By: | /s/ Bernee D.L. Strom | |
Printed Name: Bernee D.L. Strom | ||
Title: Director |
POWER OF ATTORNEY
S-8 Registration Statement
The undersigned hereby constitutes and appoints Perry M. Mulligan, Stephen Holt, and David J. Westgor, and each of them, severally, as his or her true and lawful attorney-in-fact and agent, with full power of substitution and resubstitution, to sign in his or her name, place and stead, in any and all capacities, a Registration Statement on Form S-8 (the Registration Statement) of MicroVision, Inc. (the Company), any and all amendments or supplements (including post-effective amendments) to the Registration Statement and any other instruments or documents that said attorneys-in-fact and agents may deem necessary or desirable to enable the Company to comply with the Securities Act of 1933, as amended, and any requirements of the Securities and Exchange Commission in respect thereof, and to file the same, with all exhibits thereto, with the Securities and Exchange Commission, granting unto said attorneys-in-fact and agents and each of them full power and authority to do and perform each and every act and thing as they deem necessary, appropriate or desirable to be performed, as fully to all intents and purposes as he or she might or could do in person, hereby ratifying and confirming all that each such attorney-in-fact and agent, or his substitute, may lawfully do or cause to be done by virtue hereof.

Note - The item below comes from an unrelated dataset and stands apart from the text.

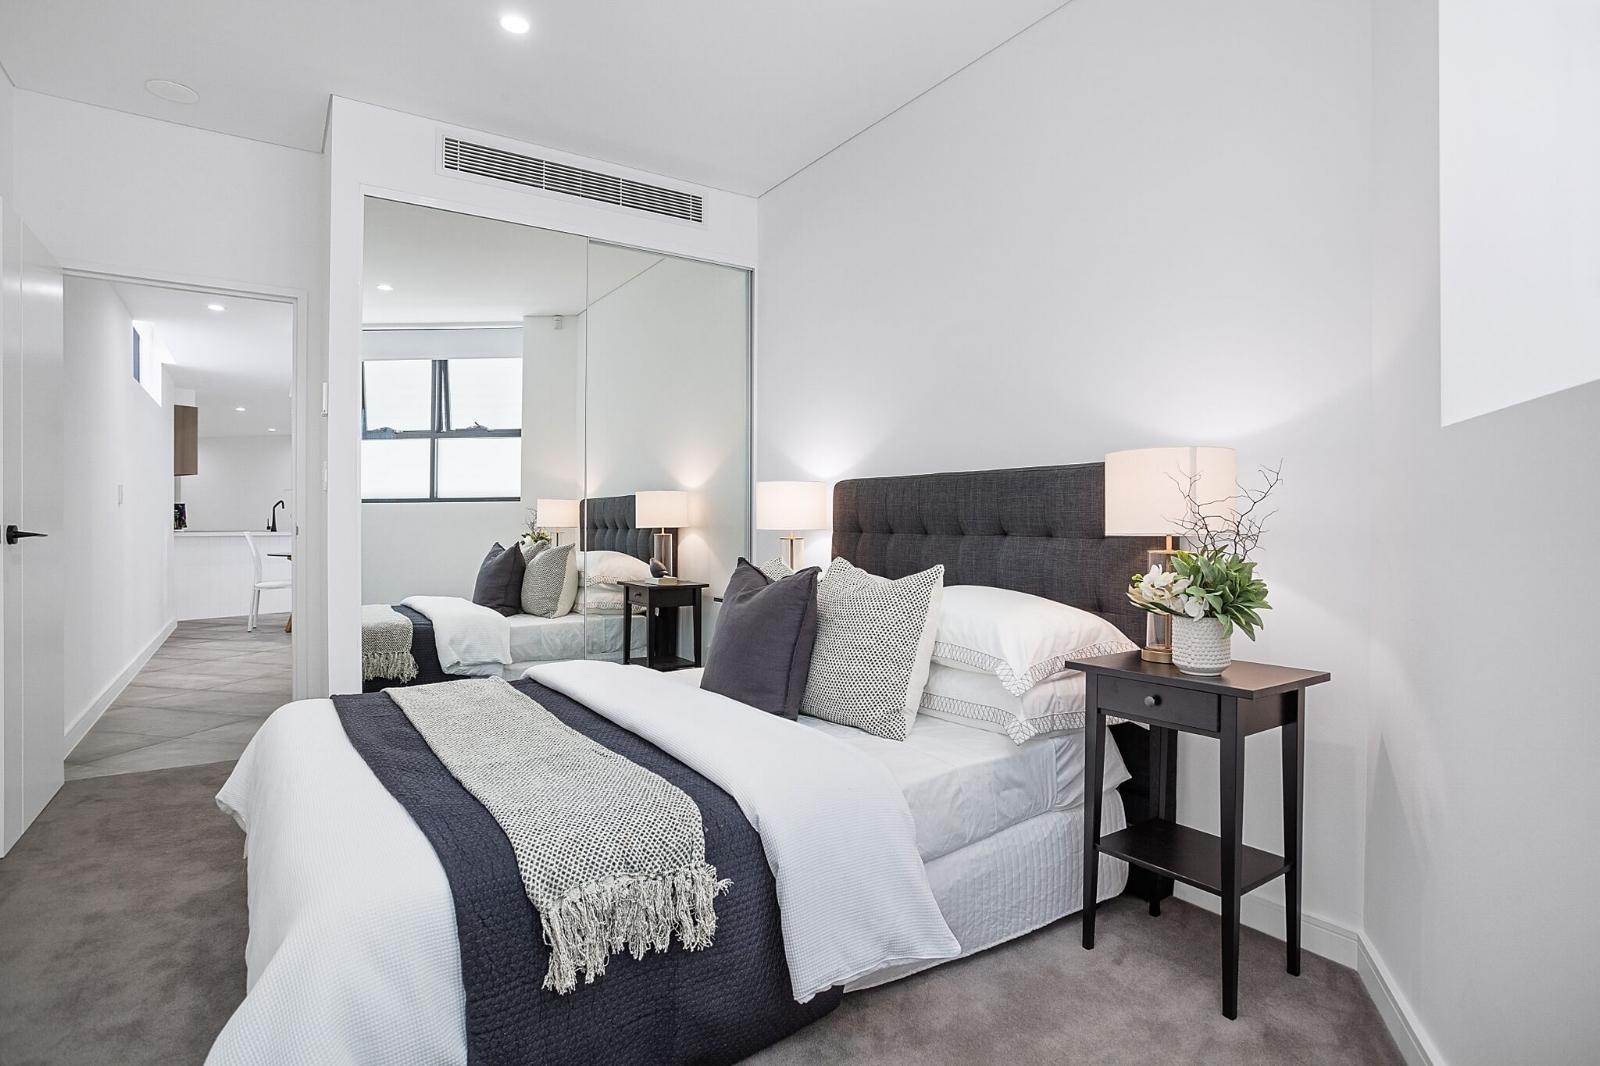 frazer_street_collaroy_bedroom_lux_styling.jpeg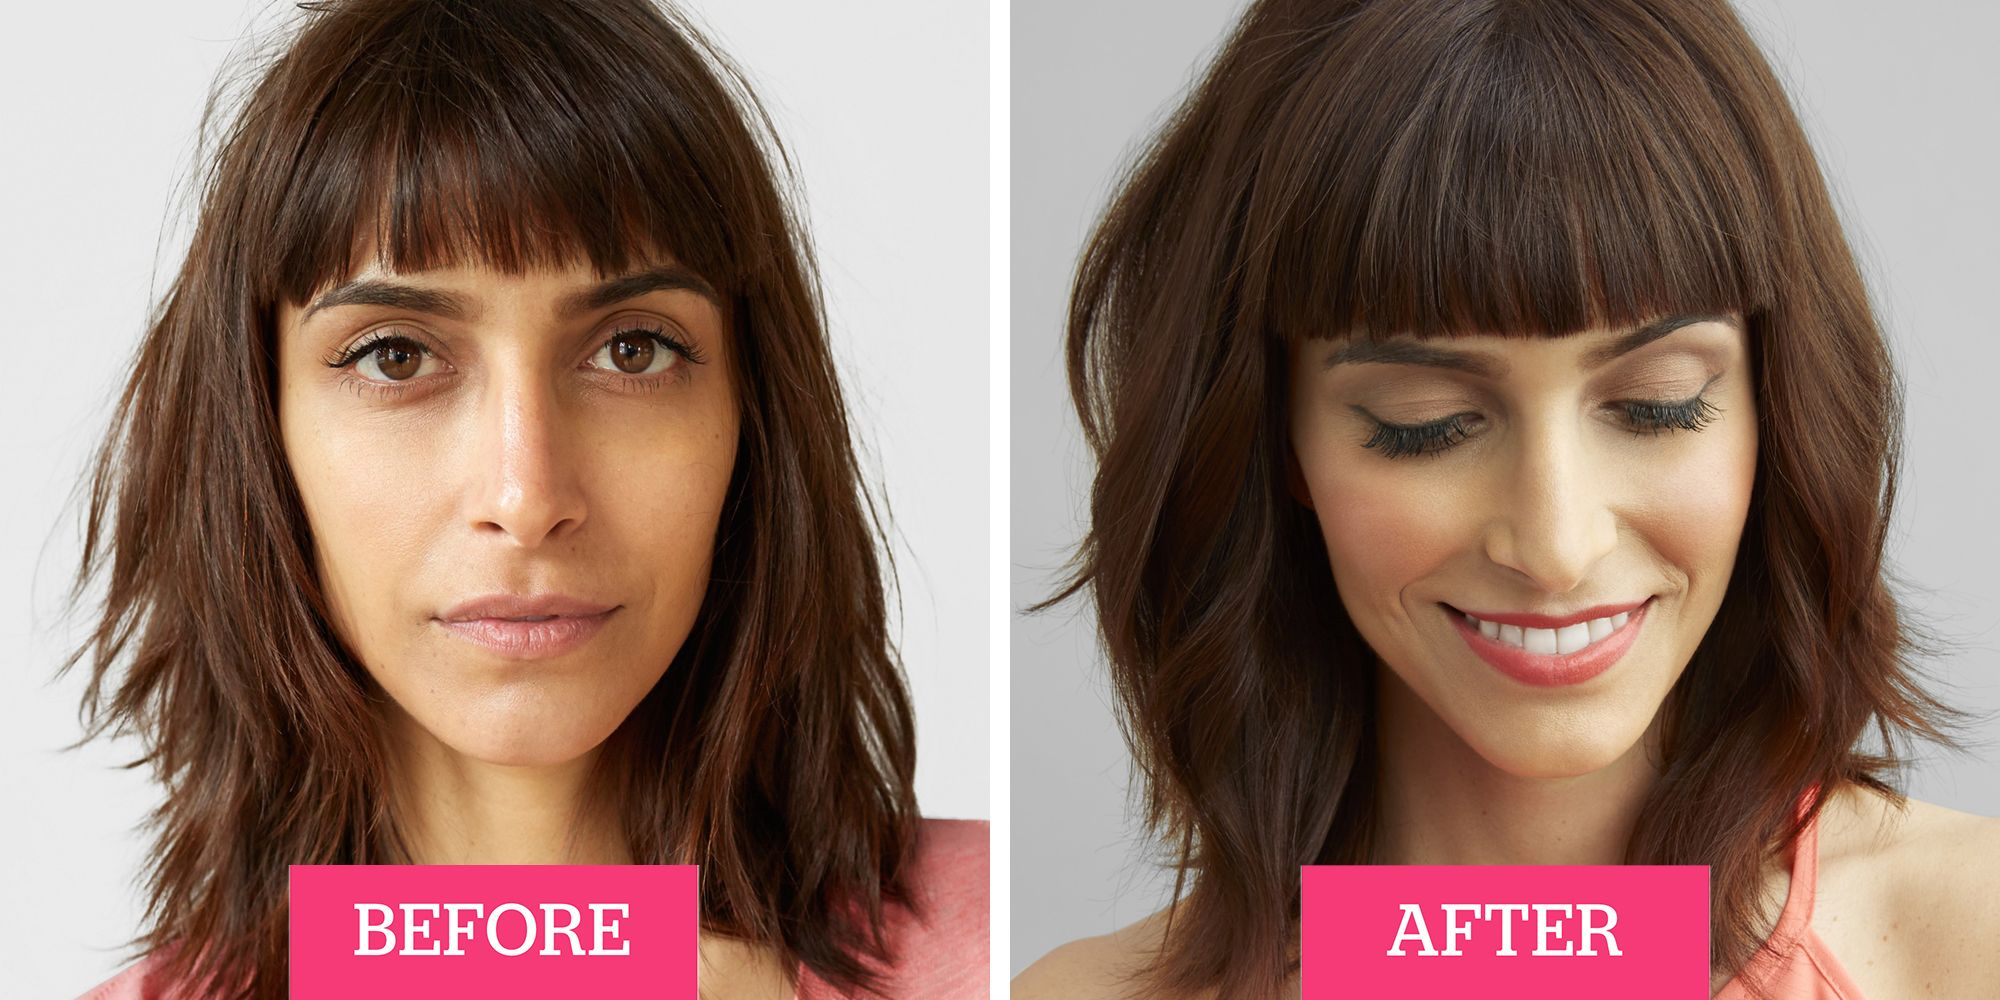 5 Minute Fix: Freshen Up Dirty Hair 5 Minute Fix: Freshen Up Dirty Hair new pictures

By: | /s/ Brian Turner | |
Printed Name: Brian Turner | ||
Title: Director |
POWER OF ATTORNEY
S-8 Registration Statement
The undersigned hereby constitutes and appoints Perry M. Mulligan, Stephen Holt, and David J. Westgor, and each of them, severally, as his or her true and lawful attorney-in-fact and agent, with full power of substitution and resubstitution, to sign in his or her name, place and stead, in any and all capacities, a Registration Statement on Form S-8 (the Registration Statement) of MicroVision, Inc. (the Company), any and all amendments or supplements (including post-effective amendments) to the Registration Statement and any other instruments or documents that said attorneys-in-fact and agents may deem necessary or desirable to enable the Company to comply with the Securities Act of 1933, as amended, and any requirements of the Securities and Exchange Commission in respect thereof, and to file the same, with all exhibits thereto, with the Securities and Exchange Commission, granting unto said attorneys-in-fact and agents and each of them full power and authority to do and perform each and every act and thing as they deem necessary, appropriate or desirable to be performed, as fully to all intents and purposes as he or she might or could do in person, hereby ratifying and confirming all that each such attorney-in-fact and agent, or his substitute, may lawfully do or cause to be done by virtue hereof.